Cerró “El Viejo Cine”: cuando la crisis apaga un clásico de Longchamps
En Longchamps, las persianas bajas no son solo un dato comercial. Son señales de época. Esta vez le tocó a “El Viejo Cine”, una cervecería que había logrado reconvertir un edificio con historia en un punto de encuentro para vecinos, amigos y familias. El cierre no sorprende por aislado, sino por lo que representa: la dificultad creciente de sostener proyectos gastronómicos en un contexto donde el consumo se retrae y los costos no dan tregua.
El local funcionaba en Yrigoyen 18.335, en un espacio que supo ser el cine del pueblo desde la década del 50. En los años 60 vivió su momento de mayor esplendor, hasta que un incendio en los 70 lo dejó fuera de juego durante décadas. Recién en 2021, un grupo de seis emprendedores -cuatro de ellos hermanos- apostó a devolverle vida con una propuesta cervecera que combinaba identidad barrial y recuperación patrimonial.
La apuesta, como tantas en el conurbano sur, se sostuvo mientras hubo movimiento en la calle. Pero el escenario cambió. Menos gente saliendo, menos consumo recreativo y más presión sobre los costos fijos. La ecuación empezó a desbalancearse. A eso se sumó el factor estacional: el frío reduce la circulación y golpea directo a los espacios que dependen del encuentro social.

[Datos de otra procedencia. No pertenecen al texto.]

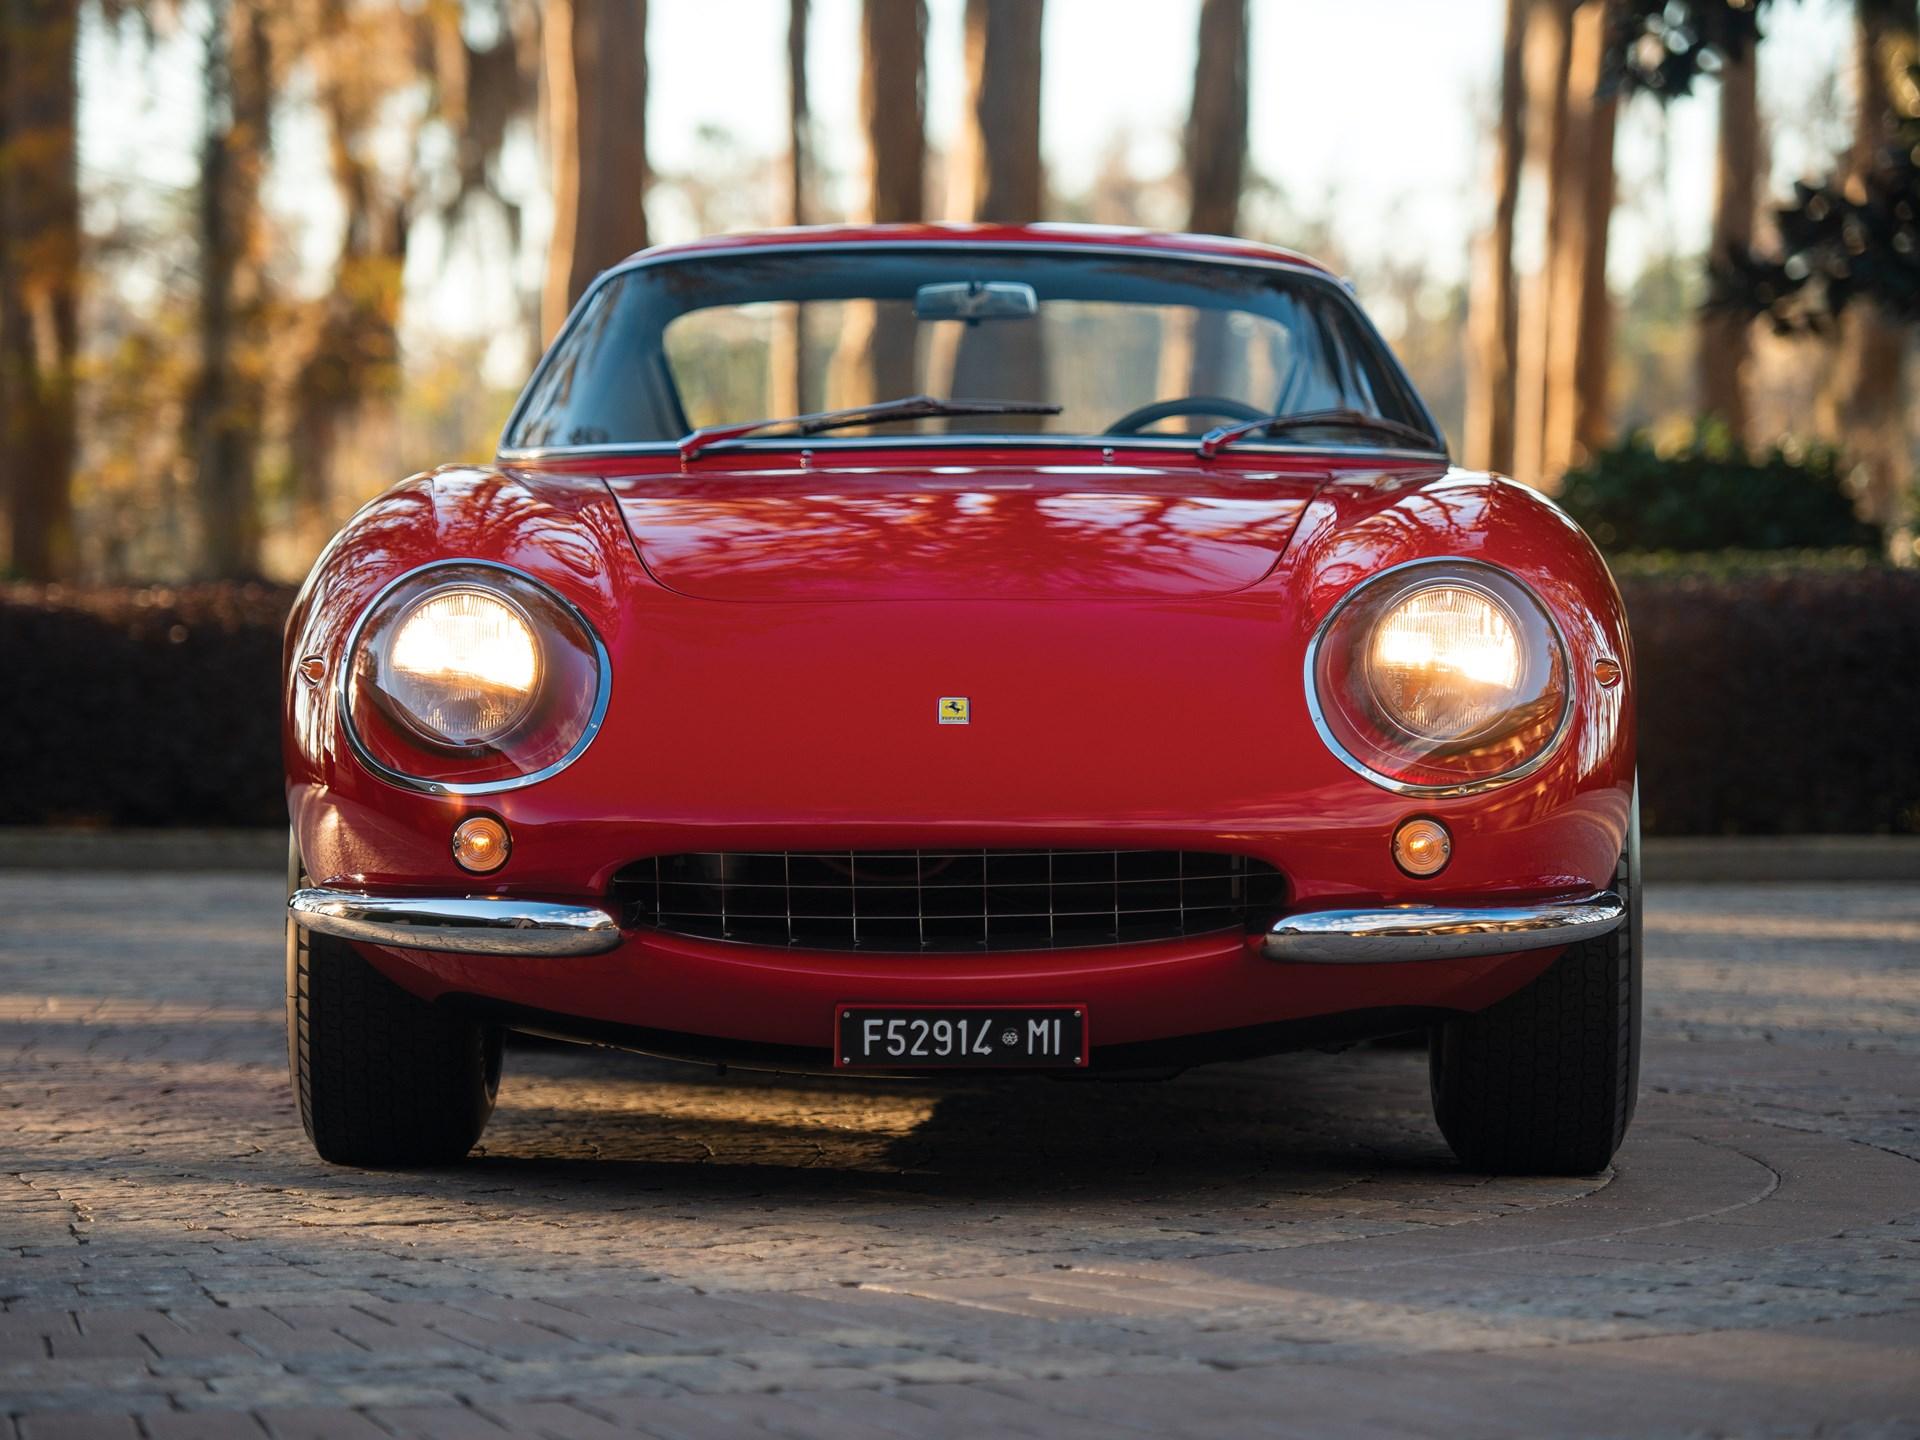 1966 Ferrari 275 GTB/C by Scaglietti

En el sector gastronómico, la lógica es cada vez más ajustada. Muchos locales logran abrir solo fines de semana. Otros directamente empatan.
Son pocos los que generan margen. Salir a comer o a tomar algo dejó de ser una práctica habitual para convertirse en una decisión medida. Y cuando el consumo se vuelve esporádico, los emprendimientos pierden volumen y previsibilidad.
Lo que pasó con “El Viejo Cine” sintetiza esa dinámica. No fue un problema puntual ni un error de gestión. Fue un conjunto de variables que, combinadas, hicieron inviable sostener el proyecto. Caída en las ventas, aumento de servicios, menor circulación y un contexto económico que no acompaña.
El cierre tuvo, sin embargo, un final a la altura de su historia. El último fin de semana el lugar volvió a llenarse. Vecinos, clientes de siempre, amigos. Una despedida con presencia, como si el barrio entendiera que no se trataba solo de un comercio más. Era un espacio de encuentro, de identidad, de memoria.
En el conurbano sur, estos cierres tienen una lectura más profunda. No solo se pierden puestos de trabajo o inversiones. Se erosionan los espacios donde la comunidad se reconoce. Donde se construye lo cotidiano. Donde el tiempo se comparte.
La economía puede explicarlo con números. Pero en el territorio se siente distinto. Cada persiana que baja deja un vacío que no se mide en balances. Se mide en ausencia.
Y en Longchamps, esa esquina que supo ser cine, bar y punto de reunión, vuelve a quedar en silencio. Una señal más de un presente que obliga a recalcular incluso aquello que parecía consolidado.